Devant une révolution numérique qui prend une tournure particulière, il devient urgent de se préoccuper de la position des candidats sur l'impact des médias sociaux et surtout sur leur régulation. Car ce qui est réglementé et parfois impossible sur les médias traditionnels ne connaît aucune limite, ni contrainte sur des canaux sociaux qui ne répondent ni aux lois régionales ni même aux conventions internationales, et qui ne sont que rarement inquiétés devant des tribunaux.

Plus concrètement, on peux se poser la question de savoir pour qui roule Google, Facebook, ou Twitter, ou les plate-formes de blogging gratuites, ou encore les forums hébergés par telle ou telle compagnie. Cela pose des problèmes qui échappent totalement à la cour des comptes quand elle observe les financements de partis politiques. Cela pose aussi des problèmes de temps de parole, de visibilité de minorités, d'amplifications et de déformation de l'information et de la propagande politique. Mais cela ne semble poser aucun problème aux candidats eux-mêmes qui s'accommodent très bien de ce "no man's land" juridique et politique.

Enfin, ce glissement vers une digitalisation des discours de campagne provoque un questionnement sur la nature des datas (données) et leur légitimité. En effet, le combat politique sur le Web repose essentiellement sur les sources, publiques ou confidentielles. Mais dans ce domaine, nous vivons encore avec la mentalité du 19e siècle. Nous pensons à tort que la chose publique est vraie et objective. Nous cédons facilement à l'argument qui veut que ce qui est admis par le plus grand nombre l'emporte sur ce qui est connu seulement d'un petit nombre. Nous vivons encore dans la société de masse et nous lui octroyons un pouvoir démesuré et irrationnel.

Les information publiques ou confidentielles ne sont en rien objectives. Elles sont commandées par des groupes de décision, des intérêts politiques et économiques et ne sont que très rarement issues de la réflexion d'auteurs indépendants et objectifs. Alors si l'exercice de vérifier l'exactitude des dires par rapport à des données connues est sain, il n'est pas moins orienté par ces mêmes données connues. Une grande part des données dont nous avons besoin pour nous forger une opinion ne sont pas organisées, ni même connues ou répertoriées. Le danger est donc grand de voir les choix politiques se fonder sur une version officielle des données réelles. Et c'est ce que nous pouvons constater souvent.

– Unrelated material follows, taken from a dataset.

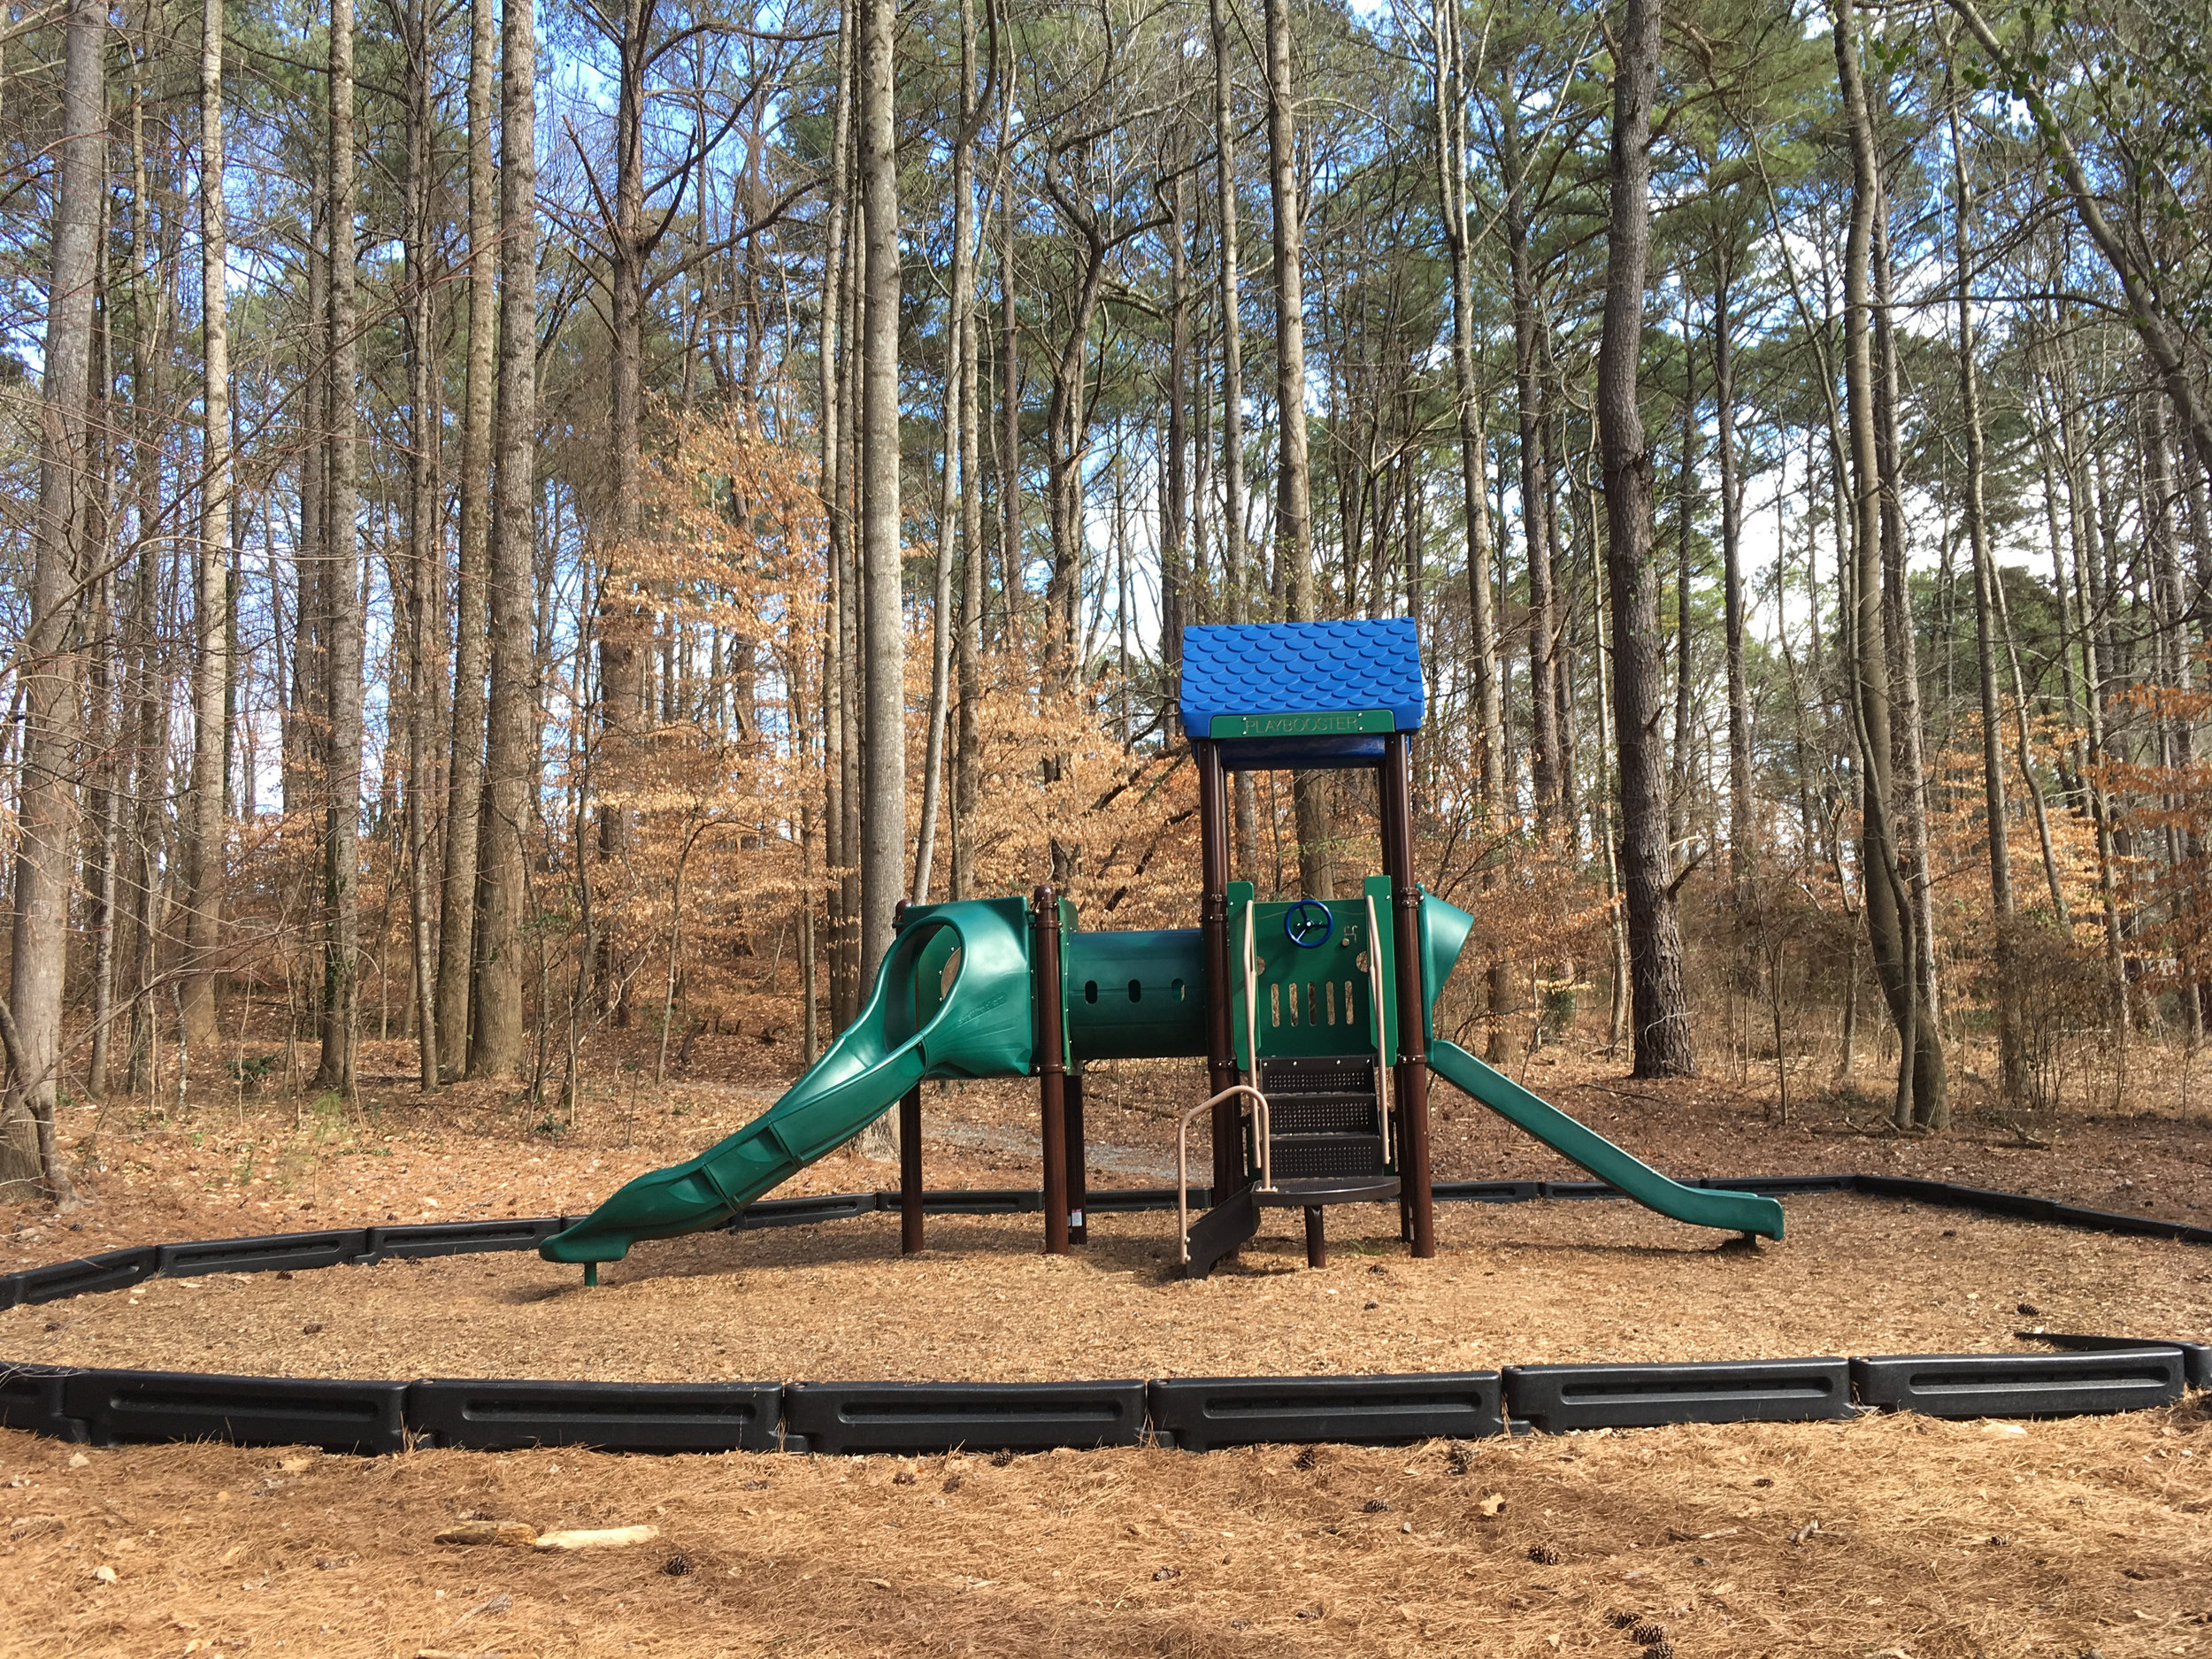 Playground, February 2, 2019

Wikileaks, anonymous et les groupes "dissidents" du même type sont encore beaucoup trop neufs pour être fiables et surtout pour représenter une opinion divergente ou alternative. Et les documents qu'ils déversent dans le domaine public ne sont pas produits par des organismes indépendants, ni des individus objectifs. Ils sont donc discutables, sans parler du procédé lui-même. De même les sources officielles, statistiques ou tout simplement publiques sont le produit de systèmes et de corps constitués au service d'intérêts politiques ou industriels. 

C'est triste à dire, mais ce qu'il manque ce sont des observateurs objectifs, pratiquant la neutralité comme une discipline et non comme un dogme, capable de recouper des informations de sources différentes et divergentes, de mener des enquêtes de terrain sur des temps raisonnablement longs et dotés d'un solide sens critique. Ce qui manque ce sont des journalistes comme on n'en rencontre plus que rarement et qu'il faudrait protéger d'une immunité diplomatique et d'un salaire suffisant pour qu'ils et elles puissent faire leur travail convenablement à l'abri des forces en présence.

Nous vivons une campagne électorale sans précédent en France. Certain(e)s le remarquent mais ne sont pas écoutés, peu lus, et rarement consultés. Quel que soit le candidat élu aux prochaines élections, le changement de régime est inévitable. Reste à savoir de quel côté, ce changement penchera.